Our medical billing services are supported by our Team’s deep industry expertise and efficient software tools. We optimize your entire revenue cycle and take on your most time-consuming tasks to ensure that your medical practice is running at maximum efficiency and profitability. Our team becomes an extension of your practice focused on your bottom line and reducing your administrative burden. Our advanced reporting and business analytics give you complete transparency and control of the entire billing process.
Initial process of Medical billing is Patient registration, which includes the entry of basic information and demographic information of the pateint into the medical billing software provided by the Provider office. An new account would be created for each patient to keep track of the complete Medical and transaction history of a patient.

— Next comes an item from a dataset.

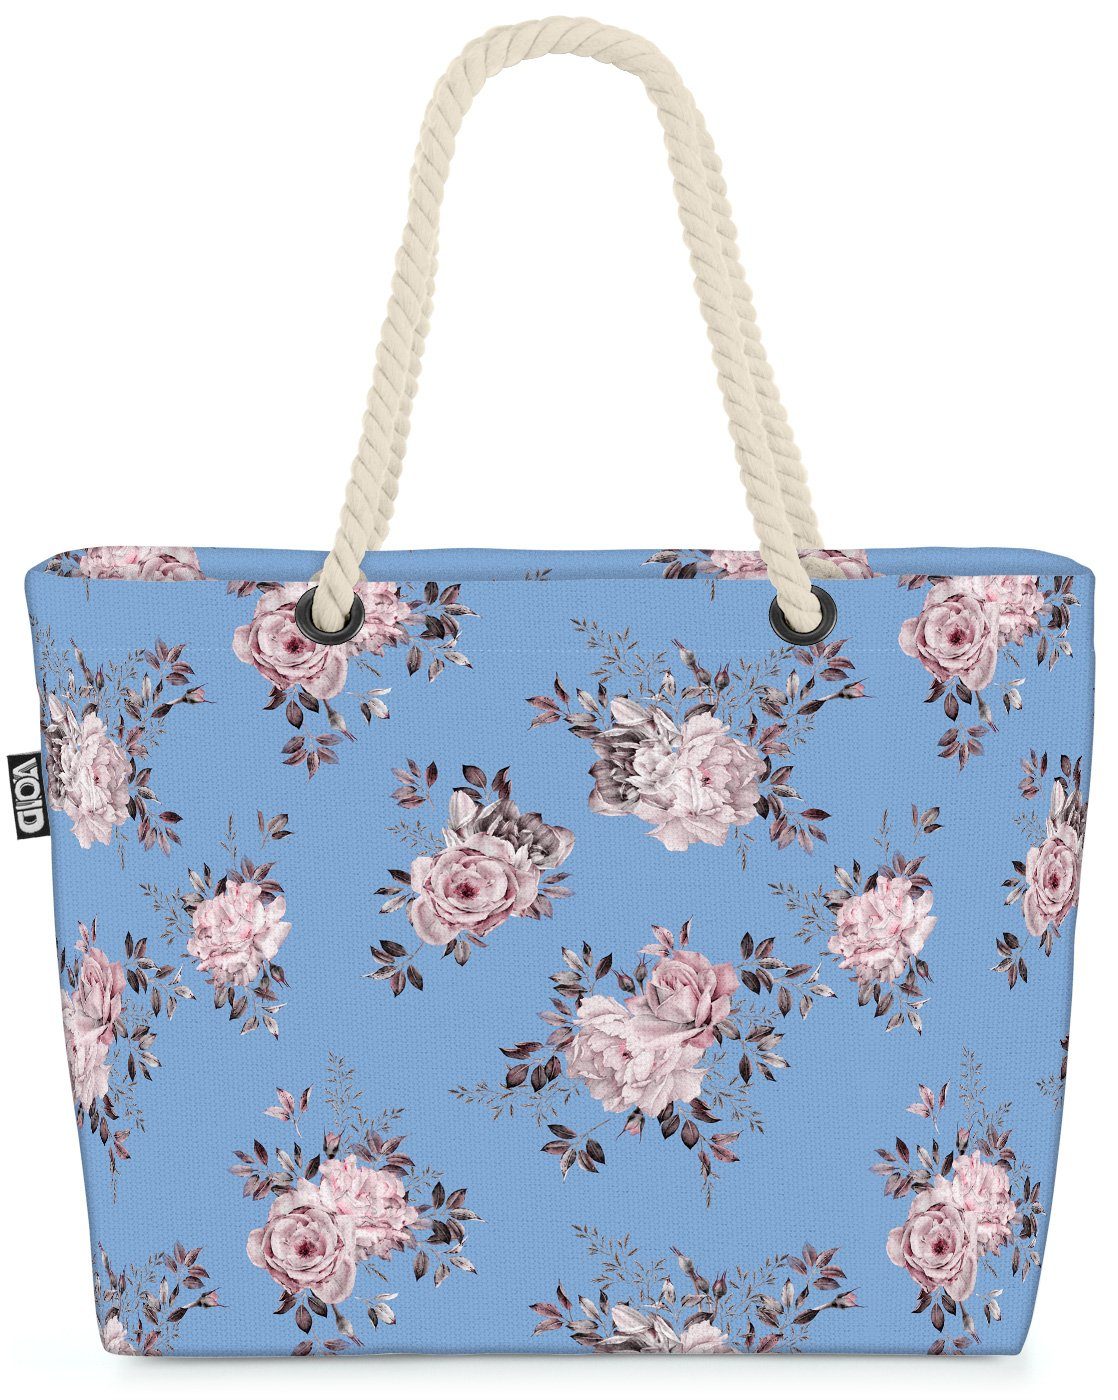 VOID Hellblau Rose Beach bäuerlich Blumen-Muster Strandtasche Bag (1-tlg), Weisse Pfingsrosen romantisch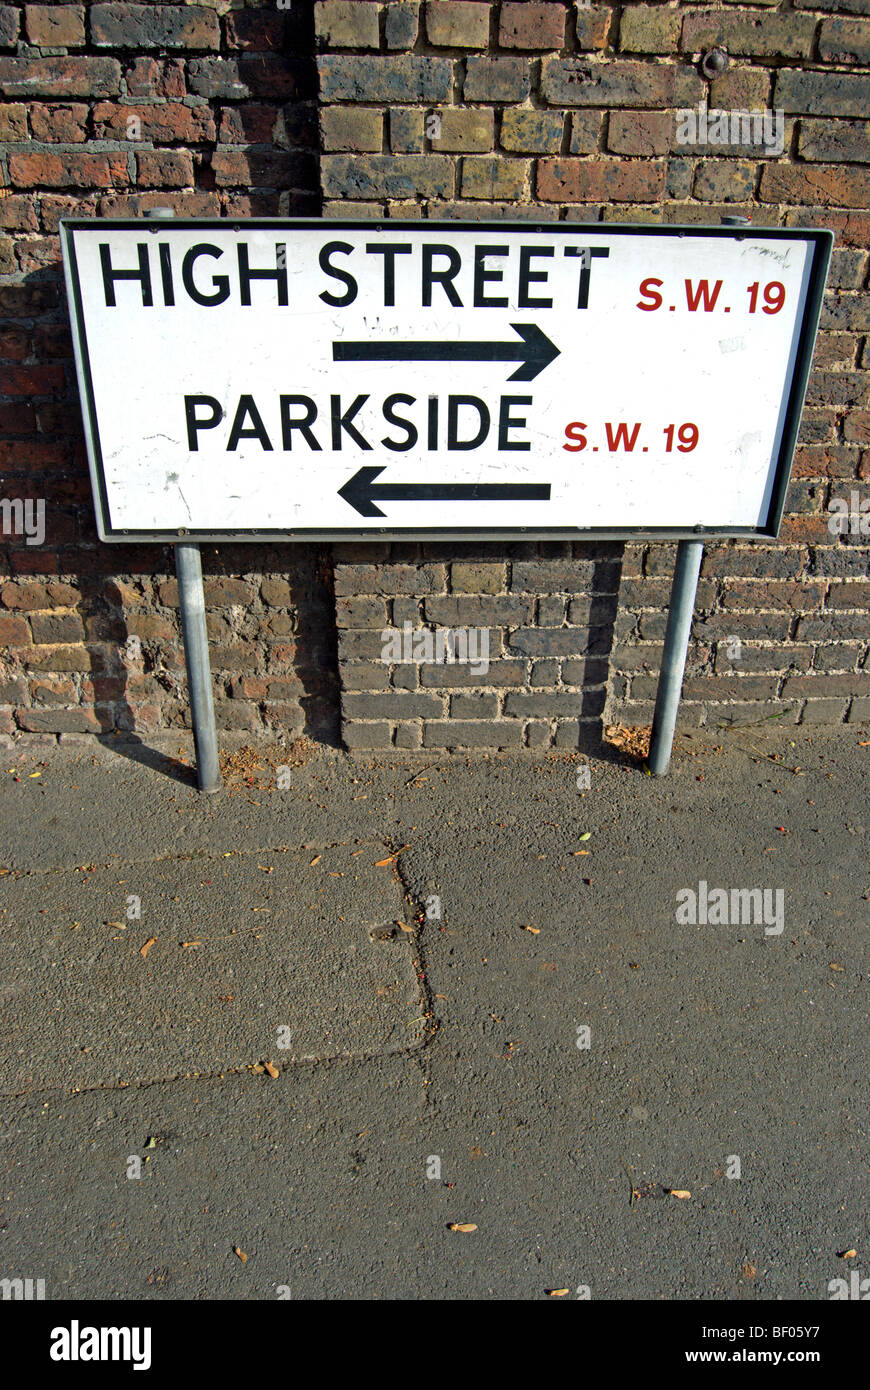 Straßenschild für High Street und Parkside, in Wimbledon, London sw19, england Stockfoto

Eligibility verification is the most important and the first step in the medical billing process. Research confirms that most of the claims are denied or delayed due to inadequate or incorrect coverage information provided by the patients during visits and current coverage information not updated by the office / hospital staff. This lack of or improper insurance eligibility verification directly impacts the reimbursements.
All healthcare entities are looking forward to the next radical change, which is the ICD-10 medical coding implementation. This transition to the ICD-10 code sets is expected by Oct, 2015 and Facilities, clearing houses, Payers and medical coding companies have already started preparing for the change. This transition to the ICD-10 codes is set to bring about efficiencies in improving patient care, increasing physician billing accuracy, enhancing clinical performance and several other benefits that the ICD-10 medical coding transition is slated to augment in the first few months of its implementation.
Charge entry is one of the key areas in medical billing. In the medical billing charge entry process, created patient accounts are assigned with the appropriate $ value as per the coding and appropriate fee schedule. The charges entered will determine the reimbursements for physician’s service. Therefore, care should be taken to avoid any charge entry errors which may lead to denial of the claims. Moreover, good co-ordination between the coding and the charge entry team will produce enhanced results.
Operomed can do a complete EDI set-up for new practices or practices moving from paper based claims to electronic forms. The process includes setting up the user and database on the EDI (Clearing House) website, testing with sample batches to ensure that the 837 and 835 are processed correctly and integrating the EDI with the Billing system for ‘one touch’ transmission of claim batches. Other aspects that can be set-up are 276/277 (Claim Status) and 270/271 (Eligibility and Benefits verification).
The payments in lieu of claims, which are received from the Payer and Patients, are posted in the medical billing system of the client to reconcile the claim. We also does electronic payment posting in to the medical billing software and handles the exceptions (fallouts) manually to make sure no payment is missed. The posted ERAs are stored either in the billing system or a Document Management system (DMS) for future reference.
All payers either send an EOB (explanation of benefits) or ERA (electronic remittance advice) towards the payment of a claim. The medical billing staff posts these payments immediately into the respective patient accounts, against that particular claim to reconcile them. The payment posting is handled according to client-specific rules that would indicate the cut-off levels to take adjustments, write-offs, refund rules etc. When the client’s office delays in either depositing the Payer checks or sending the ERAs and EOBs for posting, then a negative balance prevails for that claim, which is a false representation of the actual scenario. This false representation would show an inflated AR, resulting in the Physicians not knowing exactly how much revenue is due to them.
There could be several reasons why the patient needs to pay a part of the expenses including co-pays, deductible and non-covered services. If the amount due from the patients is very minimal, the Provider can set a mandate for taking write-offs. If the amount is quite large, then it should be collected from the patients either prior to or after rendering the services. Patients typically pay through checks or credit cards (via patient portals) and these need to be correctly accounted against the claim to avoid any inflated AR and proper closing of the claim.
Operomed, is dedicated to minimize lost reimbursements and denials with highly efficient systems and services designed to meet our clients’ needs. One of the major problems faced by healthcare providers and medical billing companies is that a large proportion of rejected claims goes unattended and is never resubmitted. Our Denial Management process uncovers and resolves the problem leading to denials and shorten the accounts receivables cycle. The denial management team establishes a trend between individual payer codes and common denial reason codes. This trend tracking helps to reveal billing, registration and medical coding process weaknesses that are then corrected to reduce future denials, thus ensuring first submission acceptance of claims. Also, the payment patterns from various payers are analyzed for setting up a mechanism to alert when a deviation from the normal trend is seen.
At Operomed, the AR management team is structured to be a complete solution provider to address difficulties that occur in cash flows and is operated as a part of the medical billing team. The goal here is to recover the funds owed to the client as quickly as possible. We aim at accelerating cash flows and reducing the Accounts Receivable days by submitting error free clean-claims, proper analysis of denied claims and regular follow-ups with insurance companies and patients for outstanding claims and dues.